There is increasing appreciation that injured or stressed cells release molecules endowed with the ability to modulate dendritic cell maturation. The role of these molecules is thought to be that of alerting the body of an impending danger, and initiate and shape the subsequent immune response. Nucleotides are perfectly suited for this task as they are easily released upon damage of the cell membrane, rapidly diffuse in the extracellular environment and ligate specific plasma membrane receptors expressed by dendritic cells and other mononuclear phagocytes. A better knowledge of the modulation of dendritic cell responses by extracellular nucleotides may provide novel routes to enhance the immune response and increase the efficacy of vaccination.

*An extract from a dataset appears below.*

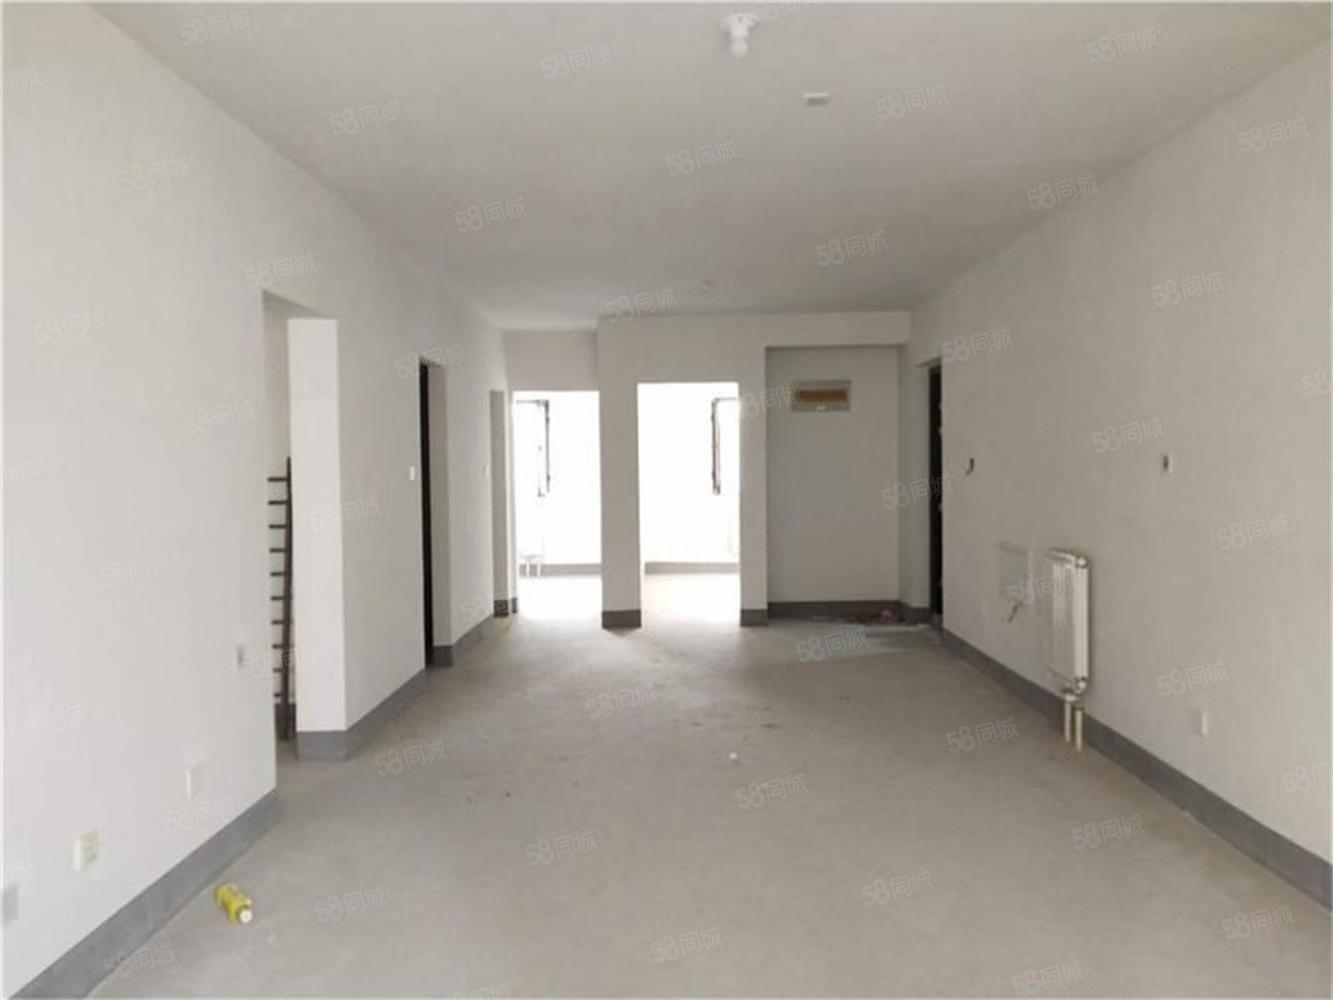 C21優選萬達華府16樓三室兩廳1125平110萬

Key words: danger signals, dendritic cells, extracellular ATP, inflammation


One of the fundamental tenets in immunology is that our body reacts against foreign (non-self) antigens. Antigenic molecules, that signal invasion by pathogenic microrganisms, or simply the presence of cells that carry a foreign genome (as in transplants) are initally sensed by first line defense immune cells (such as the dendritic cells, DCs, the prototypic antigen presenting cells, APCs) that initiate inflammation and the native and adaptive immune responses [1]. Albeit generally accepted and largely validated by countless experimental and clinical findings, the theory that we exclusively or mainly react to non-self molecules is unable to explain a number of observations that have bothered immunologists for many years. As pointed out by Matzinger [2], why we do not react against proteins that are synthesized late in the life and therefore are not exposed to lymphocytes during maturation of the immune system? Or, why do we all harbour auto-reactive B and T cells, and yet autoimmune diseases are rare? Or, why are some tissues easier to transplant than others? Over the last years, the view has emerged that we do not react to nonself (‘foreign’) molecules but rather to molecules that cause damage to our tissues. In other words, our body reacts to ‘danger’ rather than to ‘stranger’ [3]. While it is clear that the ‘danger hypothesis’ does not rule out but rather complements non-self recognition in immunity, it is also clear that this novel way to look at the very first phases of the immune response gives some powerful weapons for the interpretation of many key events in immunity and inflammation.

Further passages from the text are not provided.